◆ Requirement ◆
Leaving out the images, please reproduce each line below exactly.

◆ The data ◆
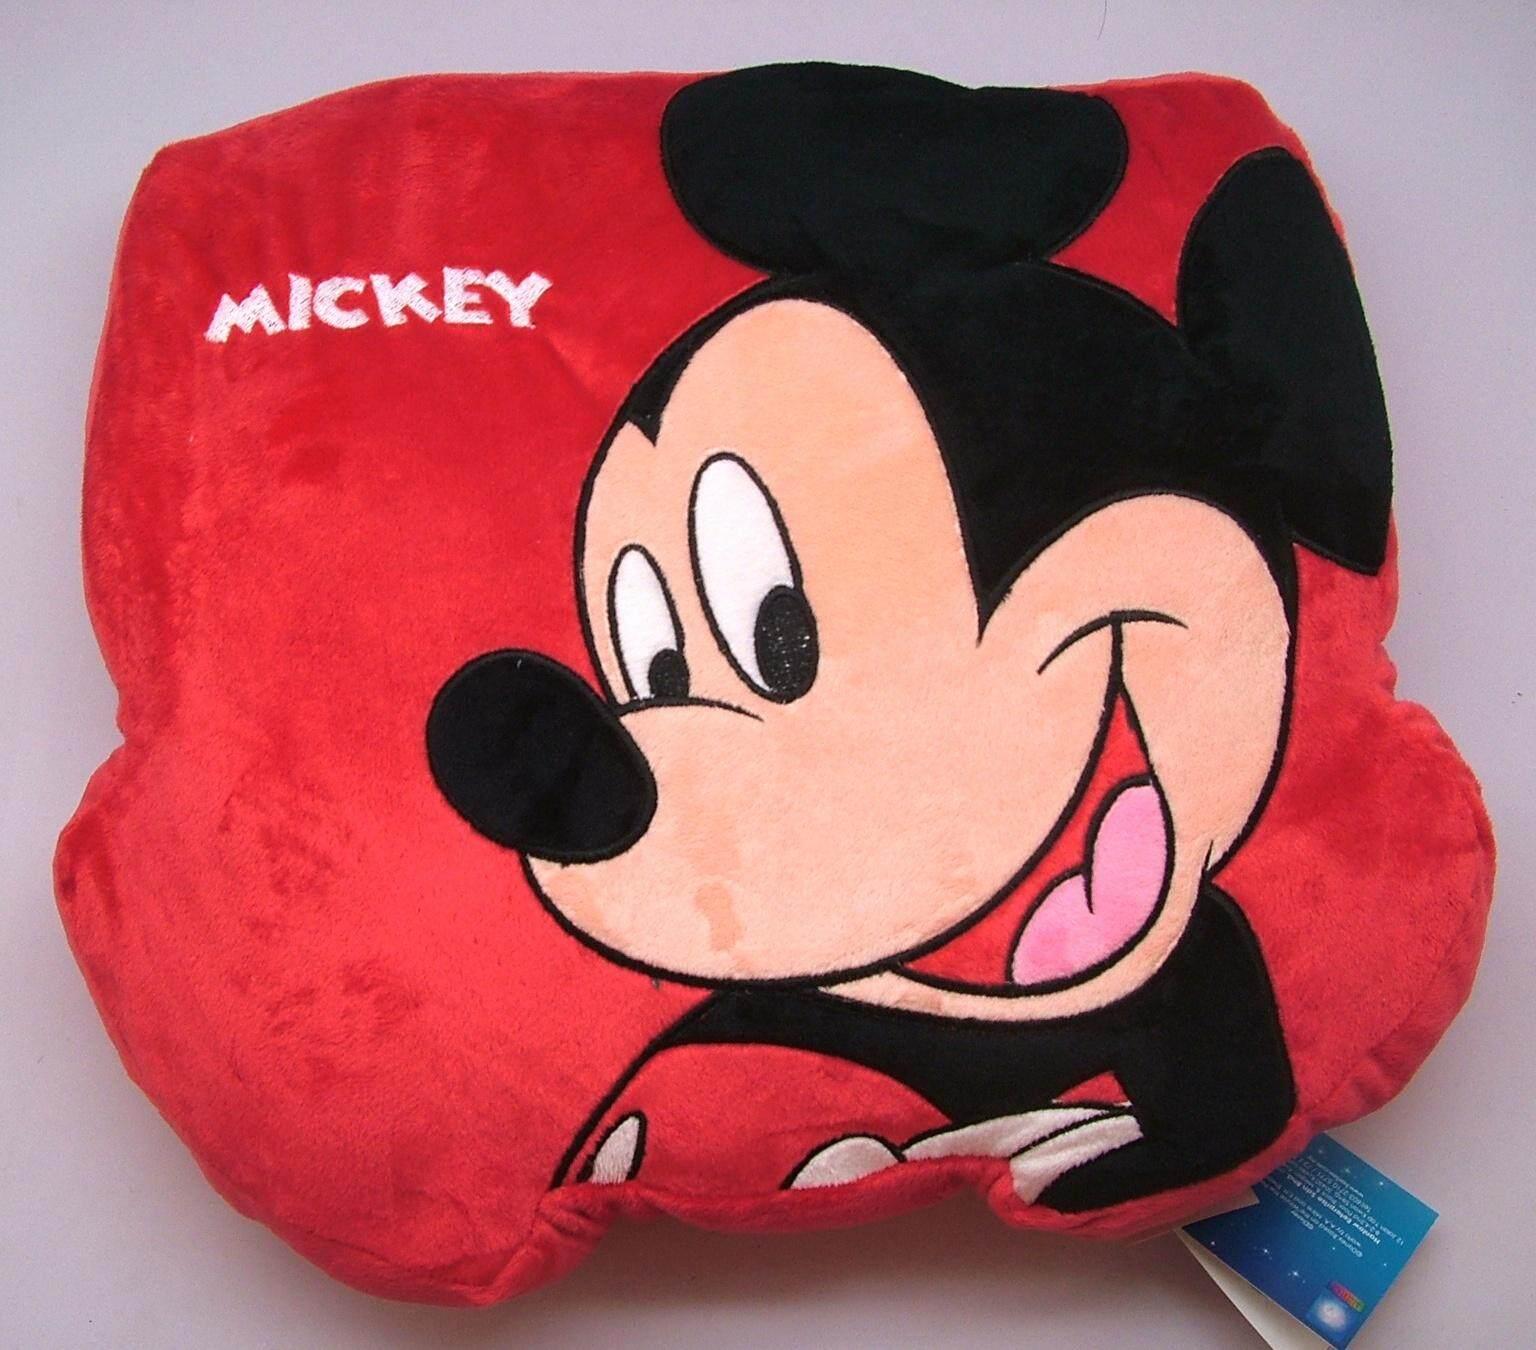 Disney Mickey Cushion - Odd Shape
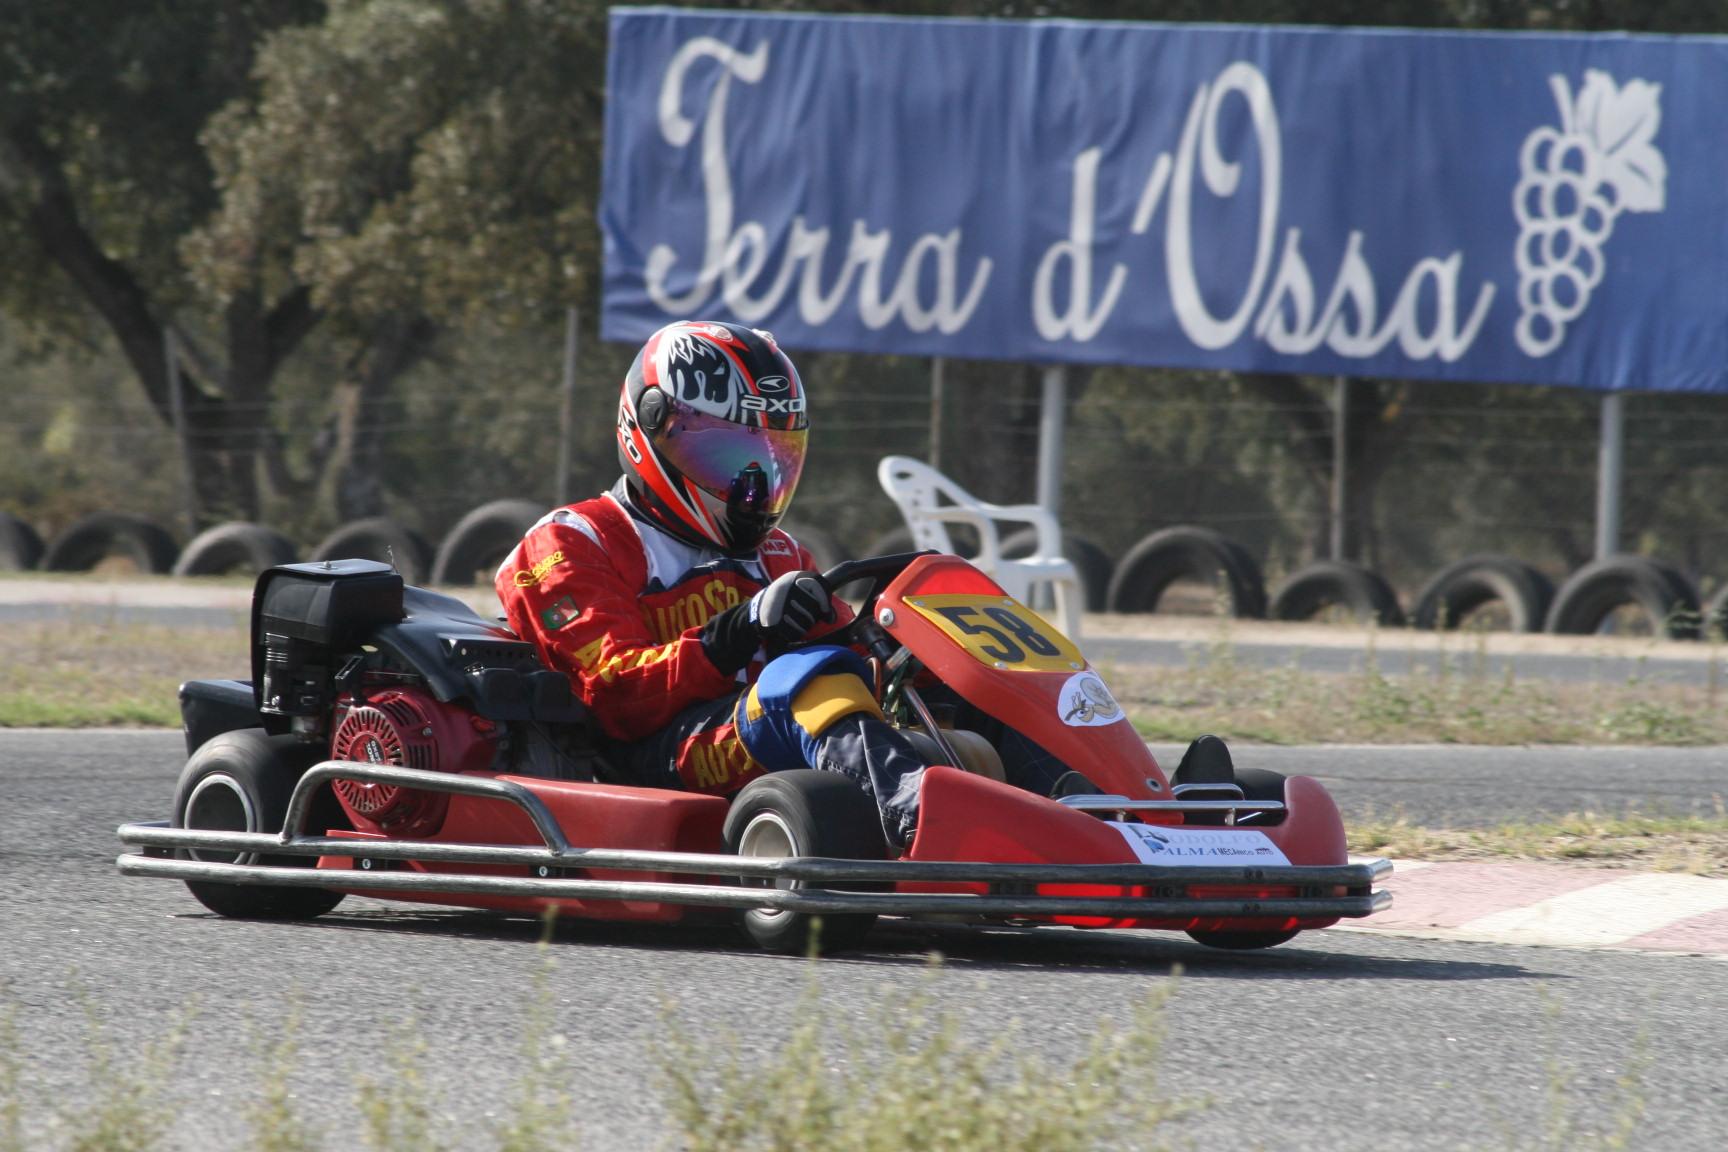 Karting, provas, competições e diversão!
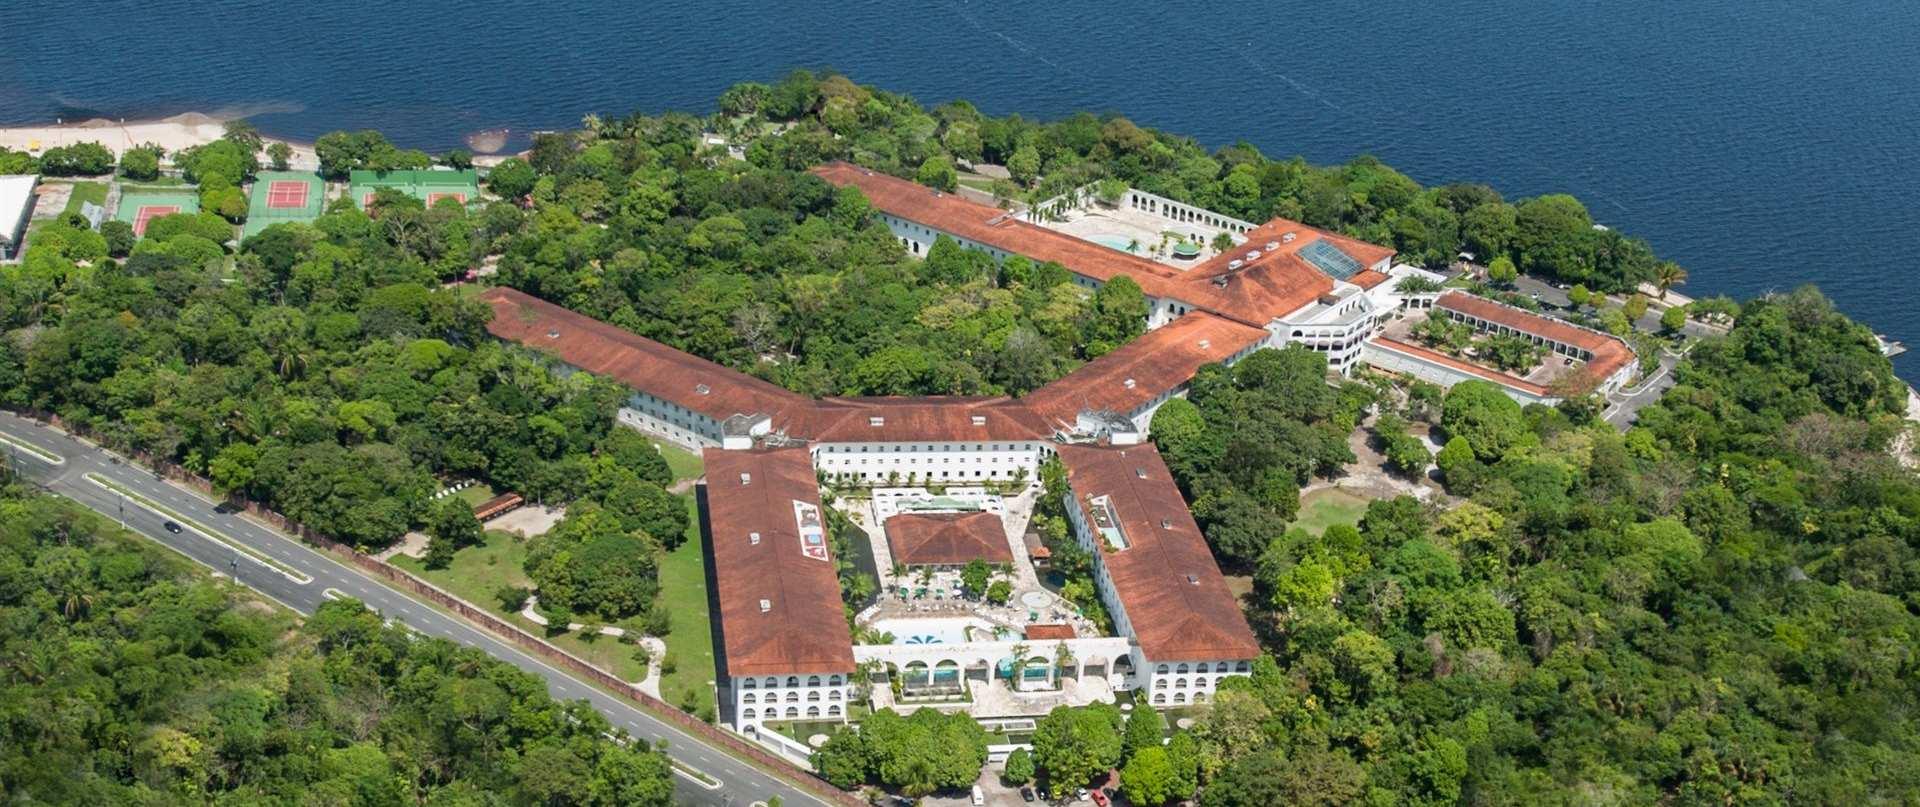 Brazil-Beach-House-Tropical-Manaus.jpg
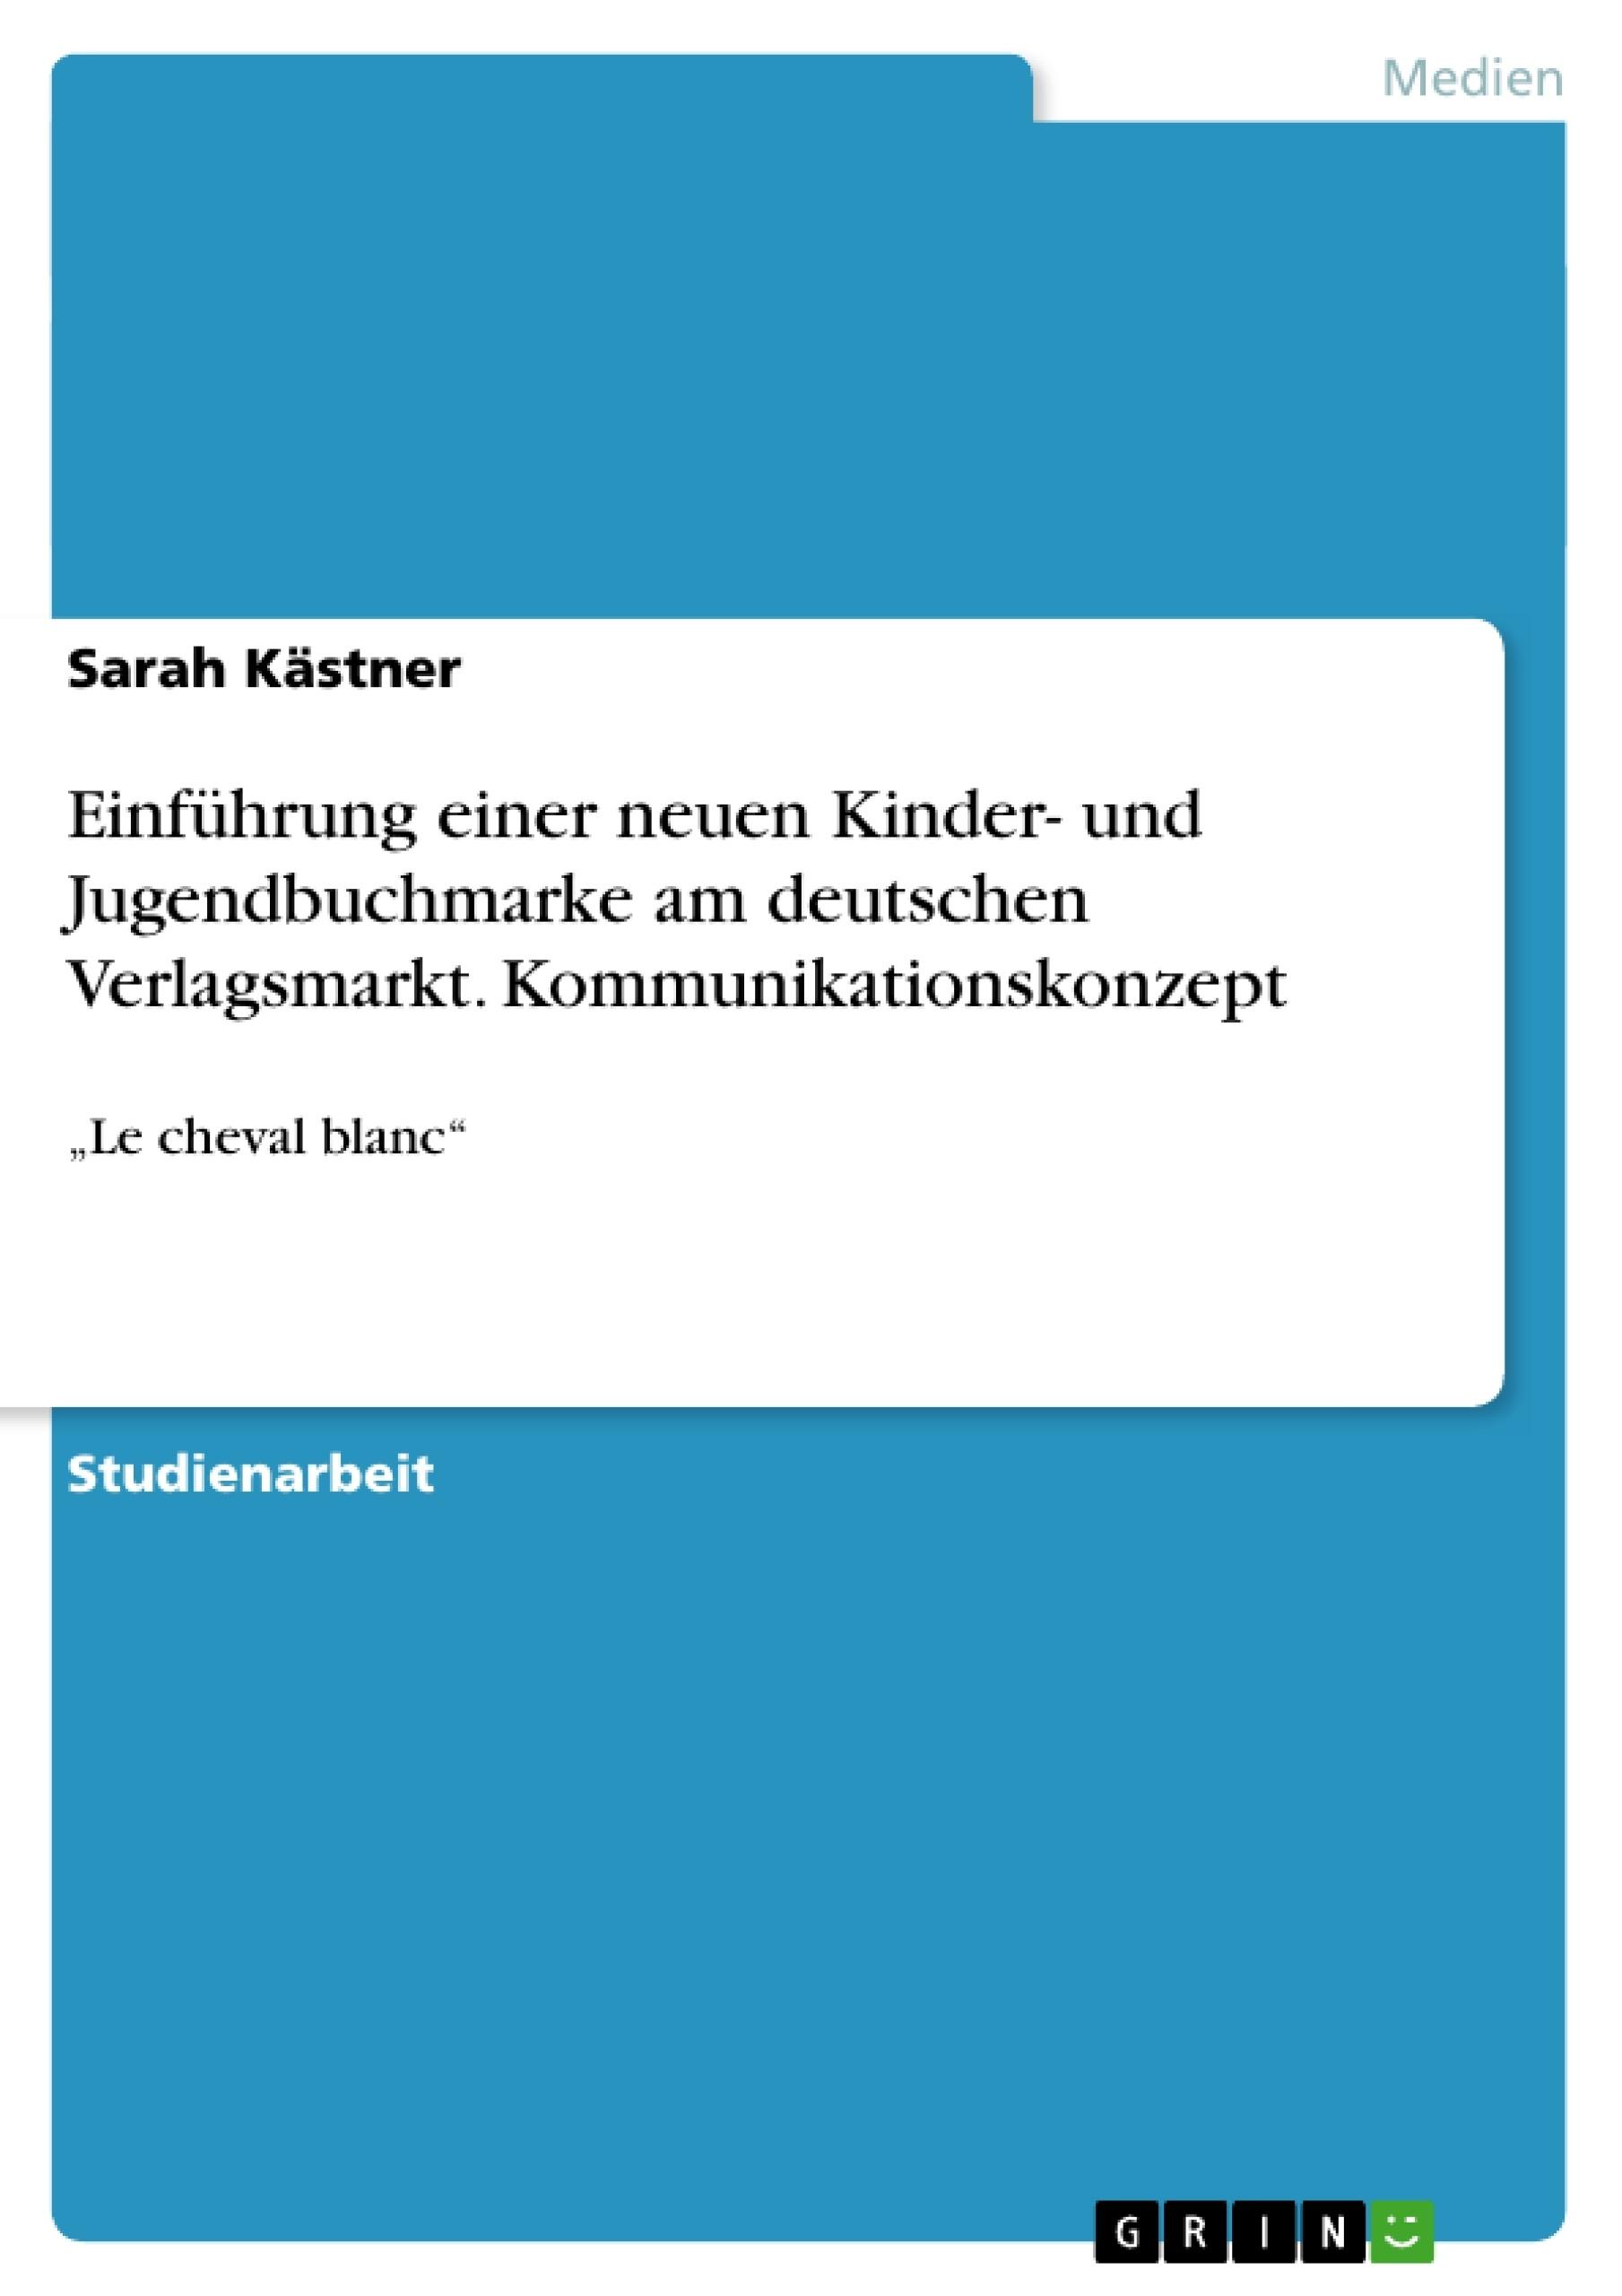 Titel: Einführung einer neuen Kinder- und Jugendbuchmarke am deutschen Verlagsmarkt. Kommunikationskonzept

◆ Finished exercise ◆
 Disney Mickey Cushion - Odd Shape
 Karting, provas, competições e diversão!
 Brazil-Beach-House-Tropical-Manaus.jpg
 Titel: Einführung einer neuen Kinder- und Jugendbuchmarke am deutschen Verlagsmarkt. Kommunikationskonzept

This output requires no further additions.